On top of that, they're threatening to give me blood transfusions. I am fighting that one too. What's saving me is the fact that my blood is Group A, which they rarely bring here.

Generally speaking, my relations with the doctor in charge of the radiation department are rather strained. Whenever I see her, we have an argument. She is a very strict woman. Last time she started probing my chest and declaring there was “no reaction to the Sinestrol,” implying that I was avoiding the injections and deceiving her. Naturally I was indignant. (In fact, of course, I
am
deceiving her.)

I find it much harder to be firm with the doctor in charge of treatment. You know why? Because she is so soft and gentle. (You once started to explain to me, Nikolai Ivanovich, the origin of the expression “Soft words will break your bones.” Try and remind me of it, please.) Not only does she never raise her voice, she can't even get her eyebrows to frown properly. When she prescribes something I don't want, she lowers her eyes and for some reason I give in to her. There are details, too, we find it difficult to discuss together. She's still a young woman, younger than I am, and there are some things she tries not to call by their proper names and somehow I feel too embarrassed to press her for an answer.

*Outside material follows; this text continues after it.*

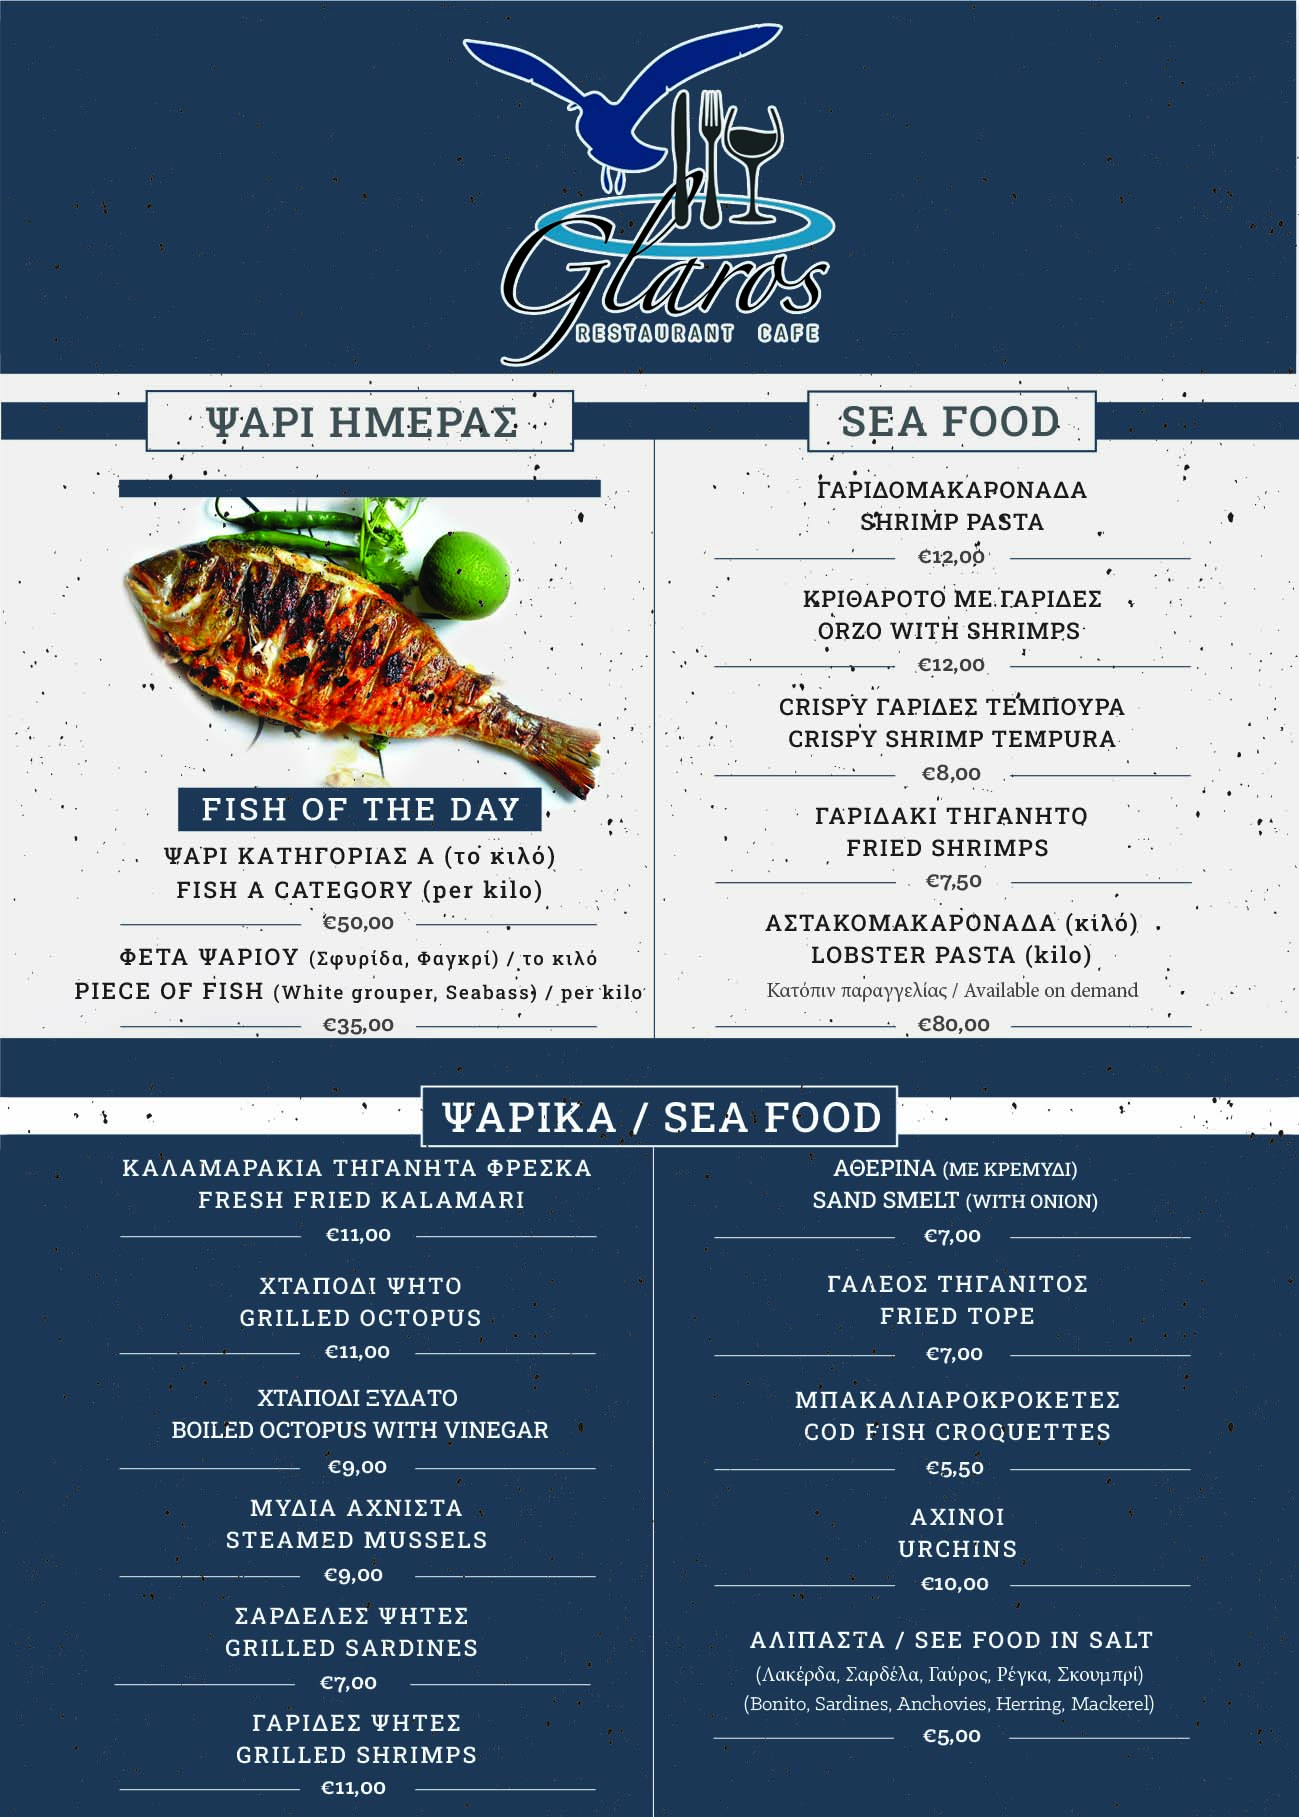 glaros-restaurant-menu-seafood

By the way, she's a good-looking, attractive woman. She introduced herself to me as married, I remember quite well, and then it suddenly transpired she had no husband at all. It seems she regards her unmarried state as a humiliation, and this is why she lied.

She seems to have a schoolgirlish belief in book learning left in her. Like the rest of them she believes unquestioningly in their established methods and treatments and I can't implant the tiniest doubt in her mind. Generally speaking, no one will condescend to discuss such methods with me. There's no one willing to take me on as a reasonable ally. I have to listen in on the doctors' conversations, make guesses, fill in the guessed parts, get hold of medical books—this is how I try to establish the situation.

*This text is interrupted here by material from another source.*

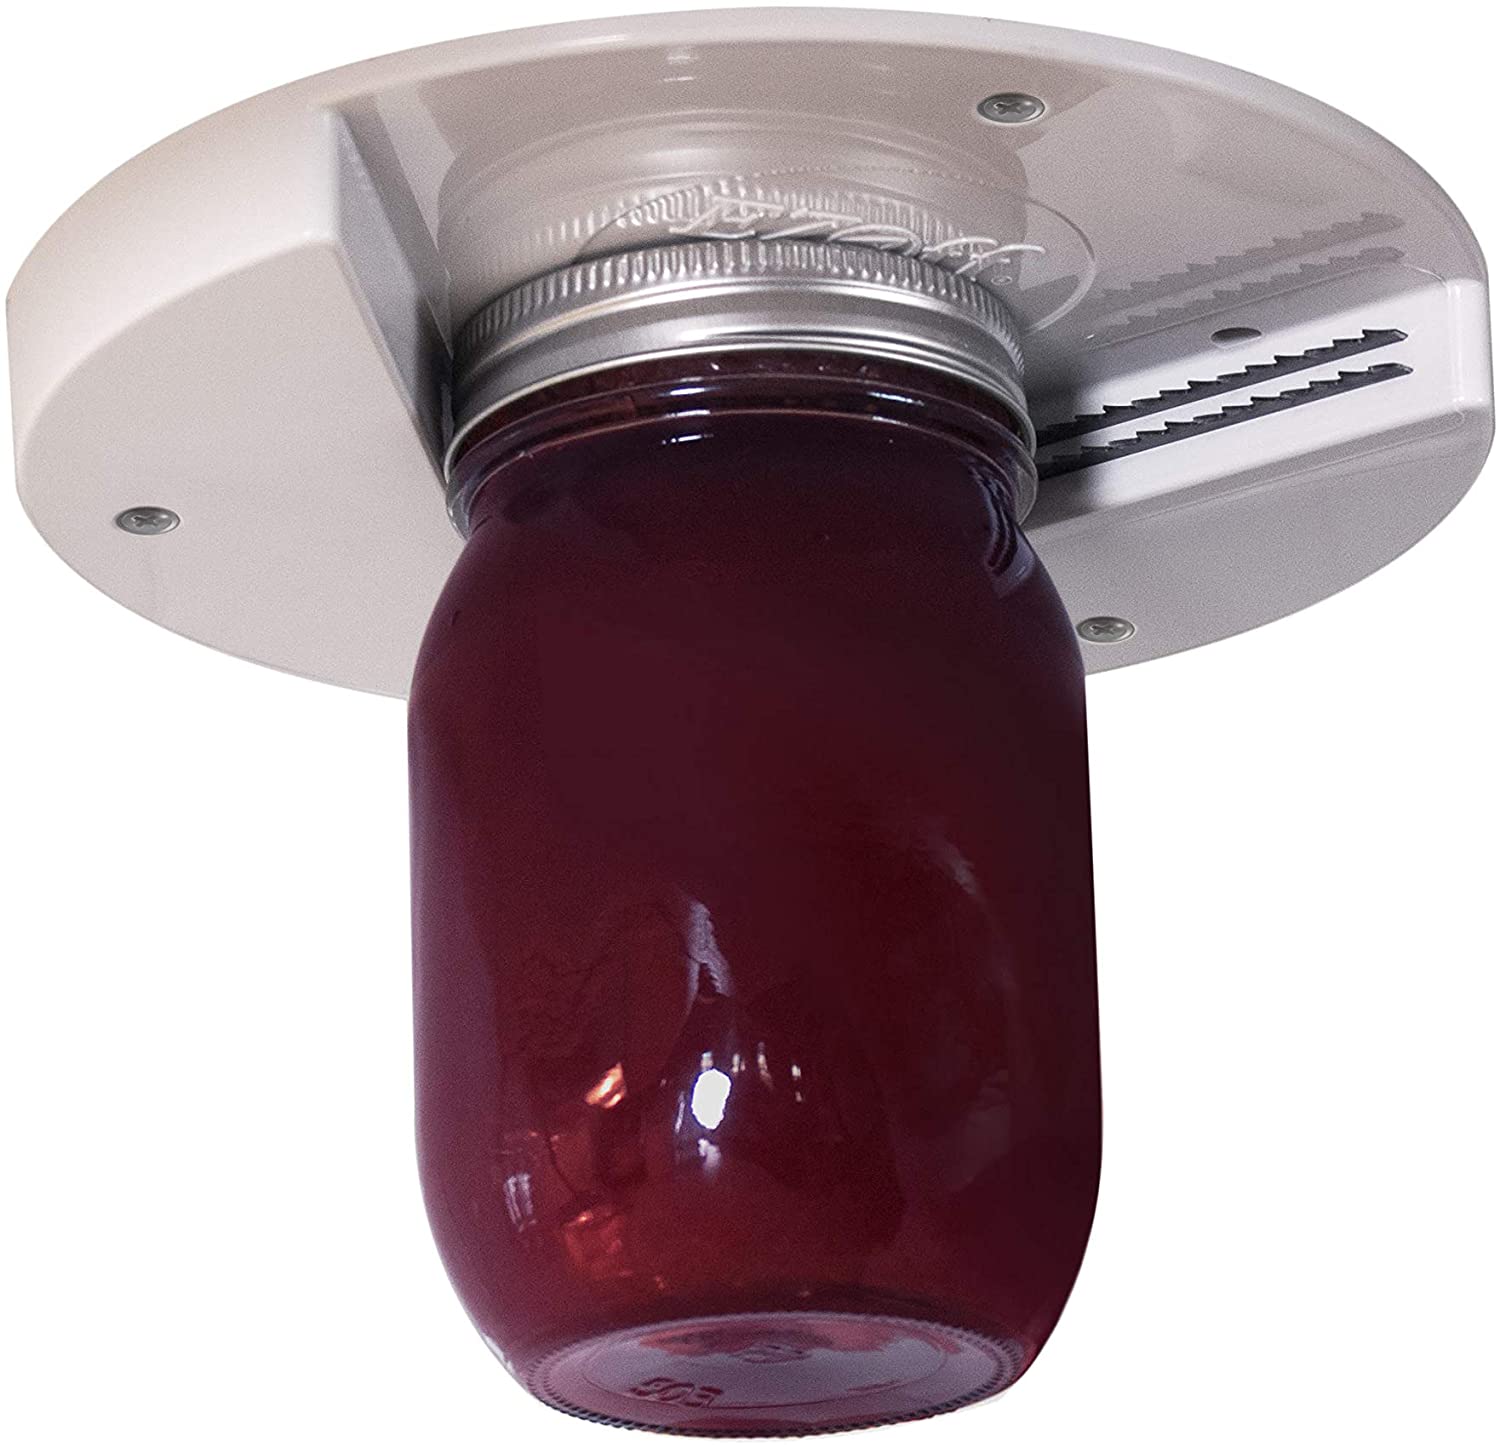 Kichwit Adjustable Jar Opener for Arthritis, All Metal Construction, Easily  Opens 3/8 to 4 Jar and Bottle Lids, Free Bonus Bottle Opener Keychain

Still, it is hard for me to make up my mind. What should I do? What is the best way of behaving? For instance, they often probe under my collarbones, but how true is it what they say, that this is where secondaries are to be found? Why is it they bombard me with these thousands and thousands of X-ray units? Is it really to stop the tumor growing again? Or is it just to make sure, to build a fivefold or tenfold reserve of strength like they do when they build bridges? Or is it just carrying out senseless, pointless instructions which they can't ignore on pain of losing their jobs? But I could ignore them! I am the one who could smash this vicious circle if only they would tell me the truth—but they don't.

After all, I am not asking for a long life. Why should I want to peer deep into the future? First I lived under guard, then I lived in pain, and now I want to live just a little while without guards and without pain, simultaneously without one or the other. This is the limit of my ambition.